### Input material ###

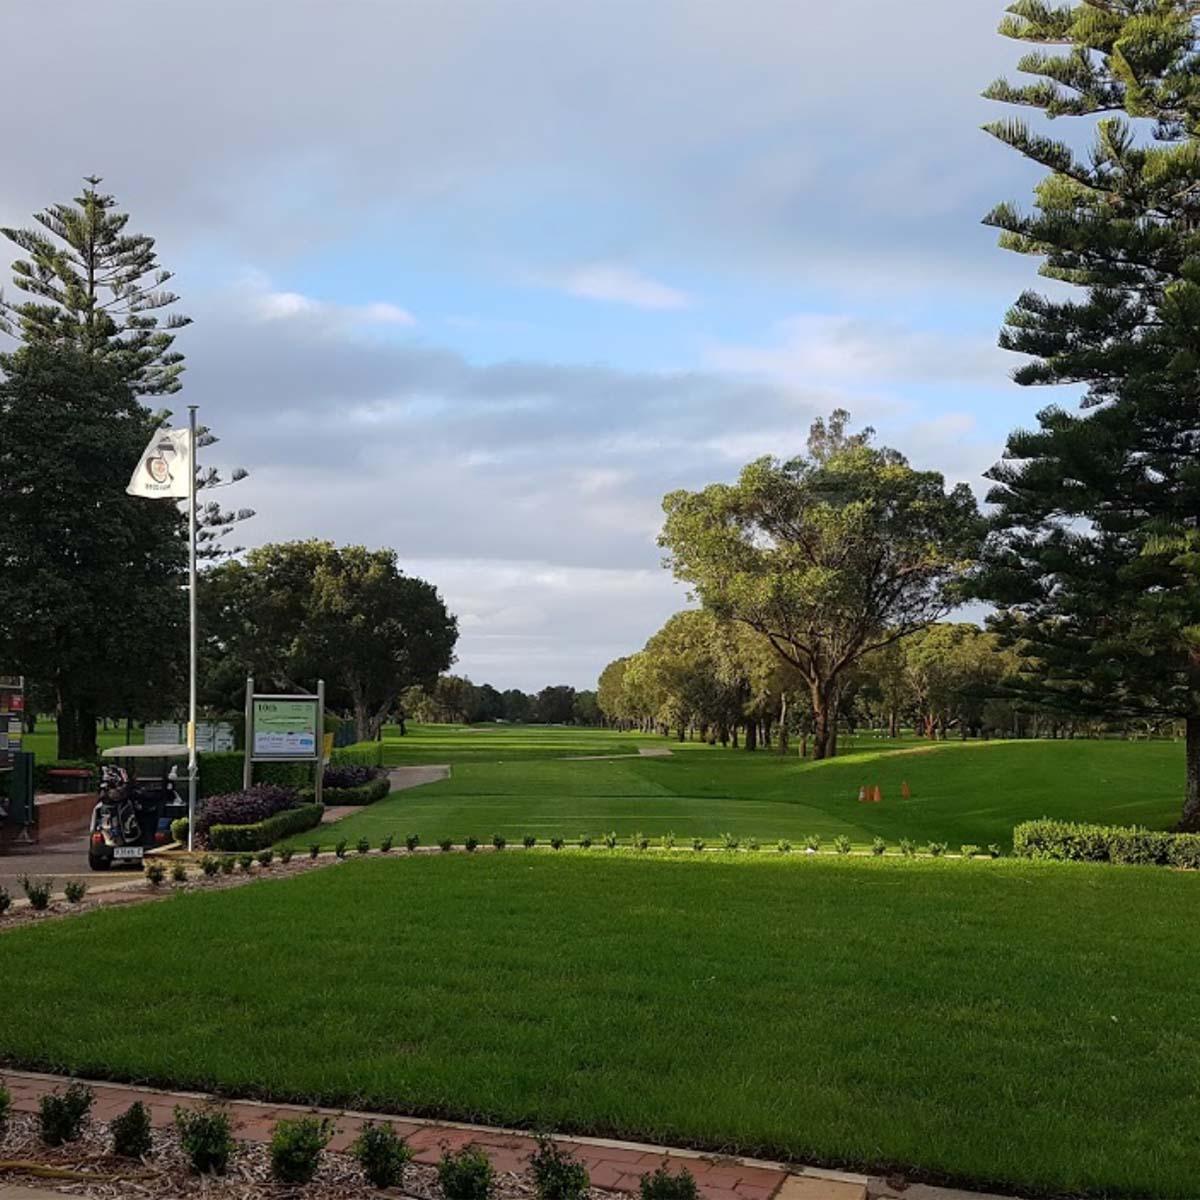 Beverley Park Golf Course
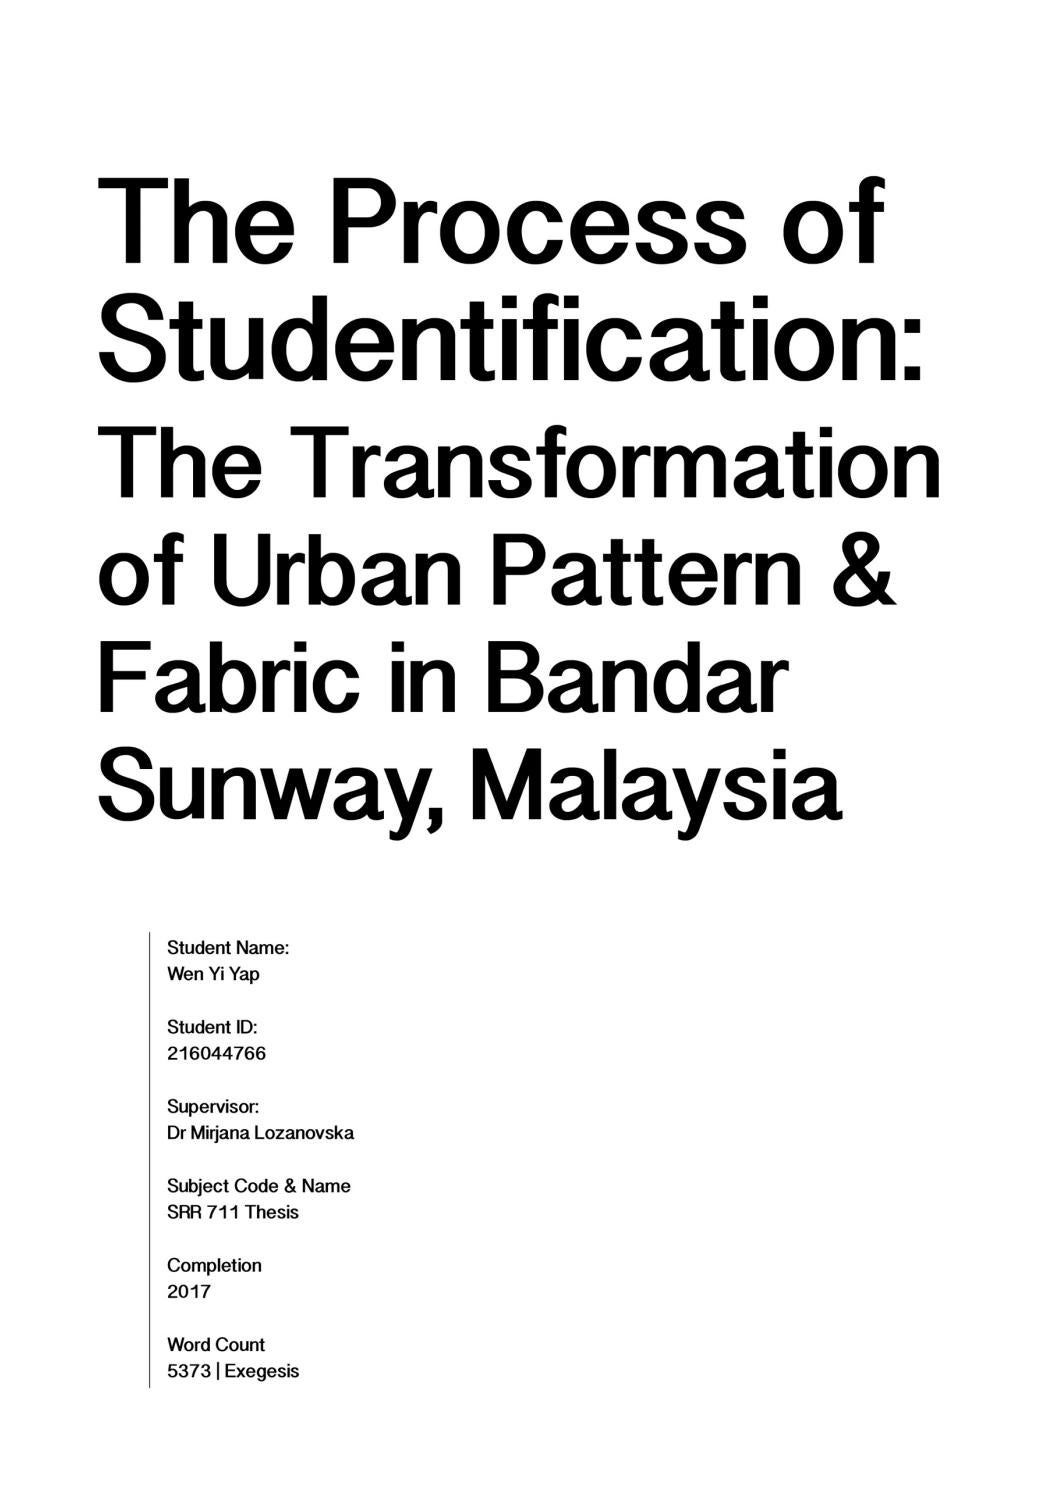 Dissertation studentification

###
### Input material ###

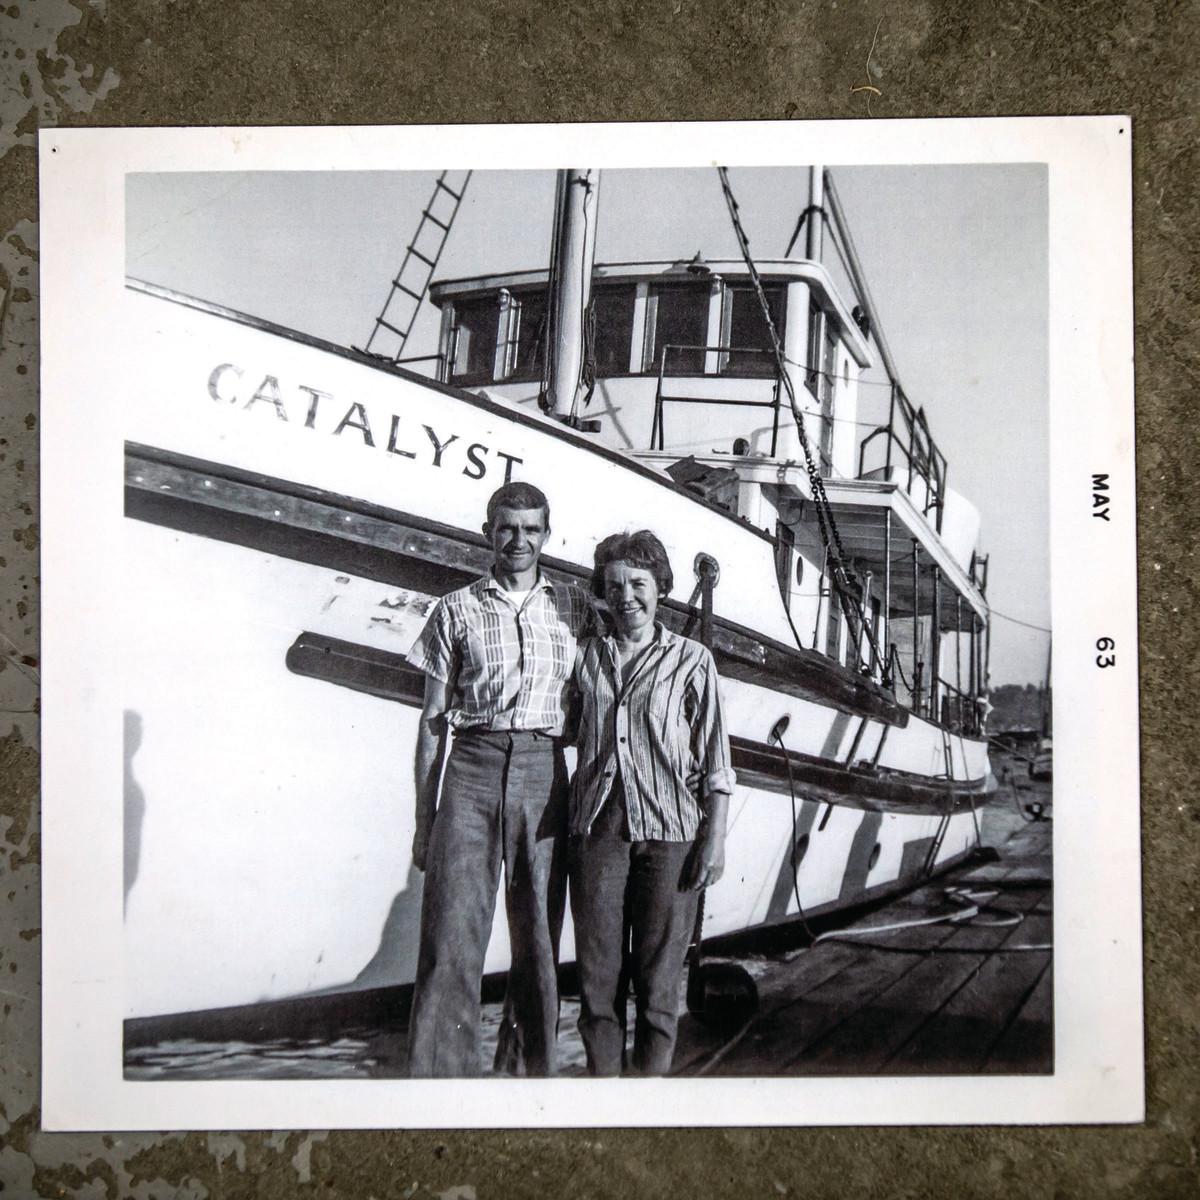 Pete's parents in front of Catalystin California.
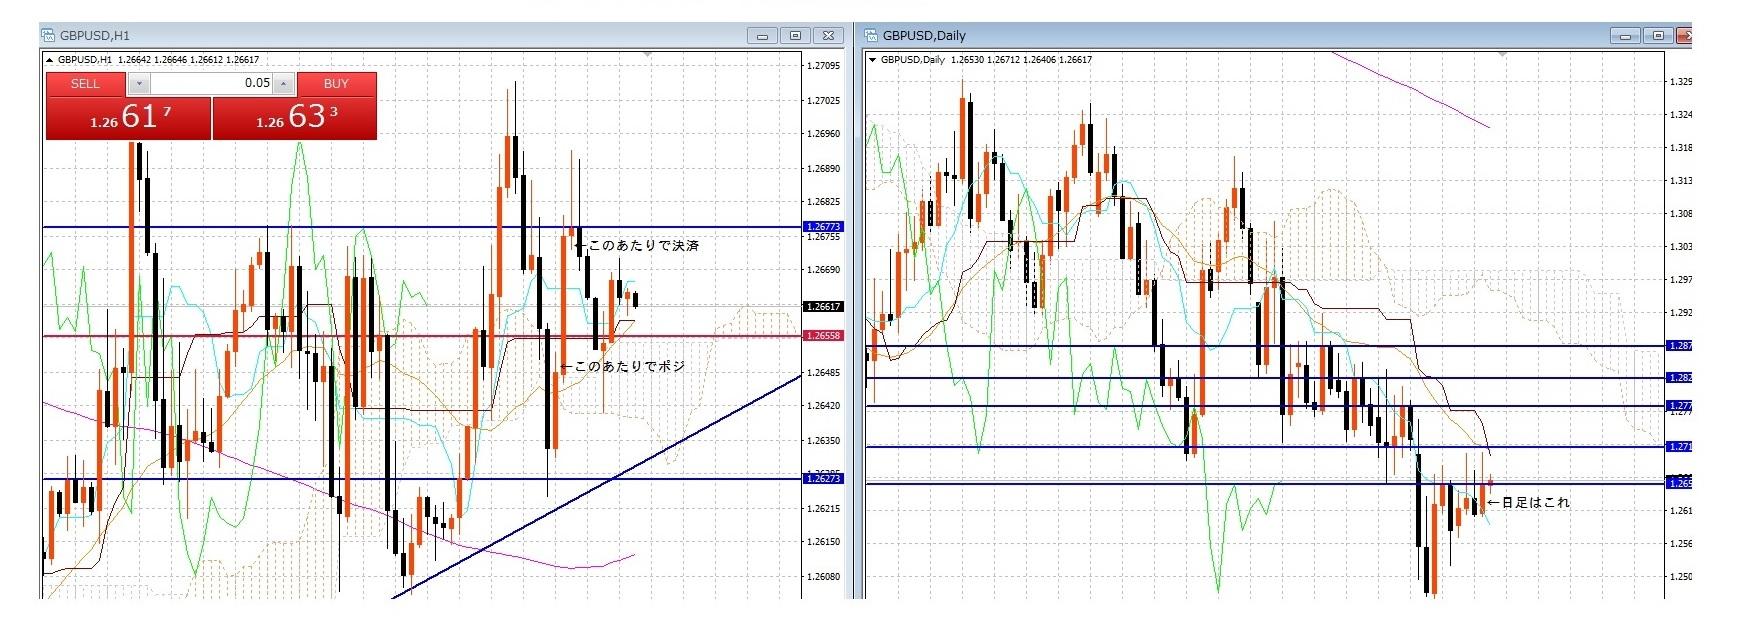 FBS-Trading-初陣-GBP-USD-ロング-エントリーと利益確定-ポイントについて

###
### Input material ###

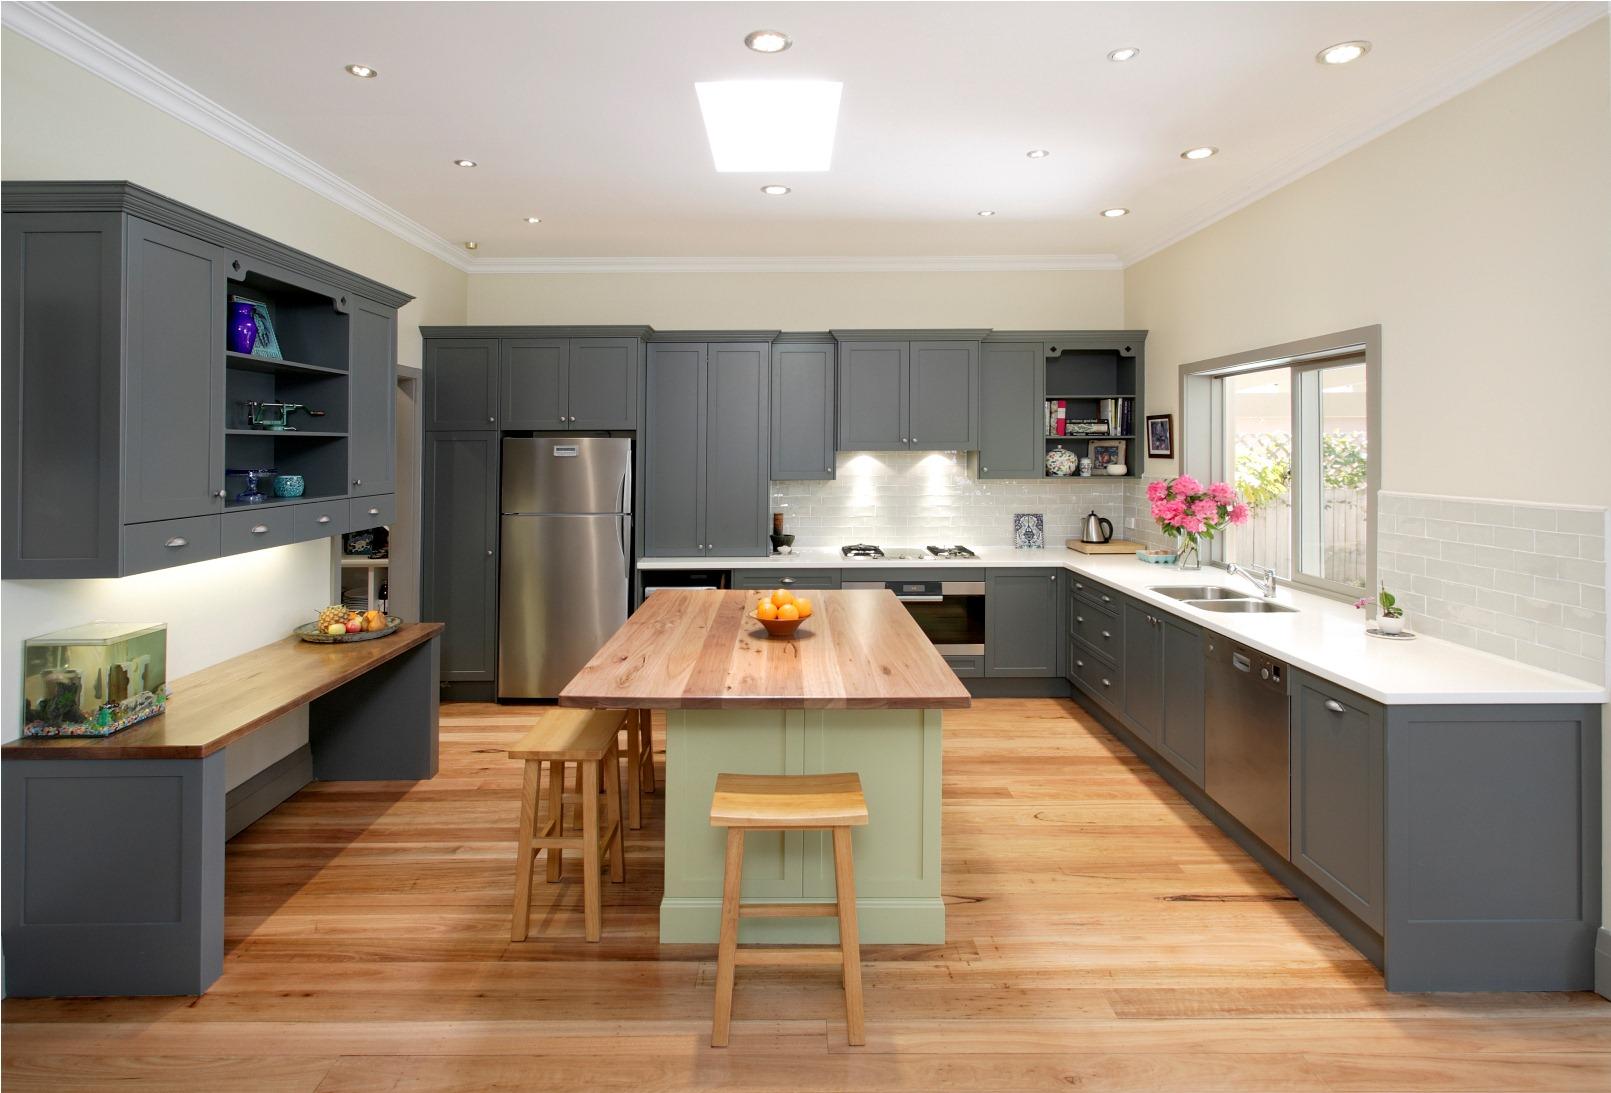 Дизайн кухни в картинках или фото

###

*The task*
Every line above in the stretch from the one with "Beverley Park Golf Course" through the one with "Dissertation studentification" is to be transcribed exactly, ends included. No picture is copied.

*Your response*
 Beverley Park Golf Course
 Dissertation studentification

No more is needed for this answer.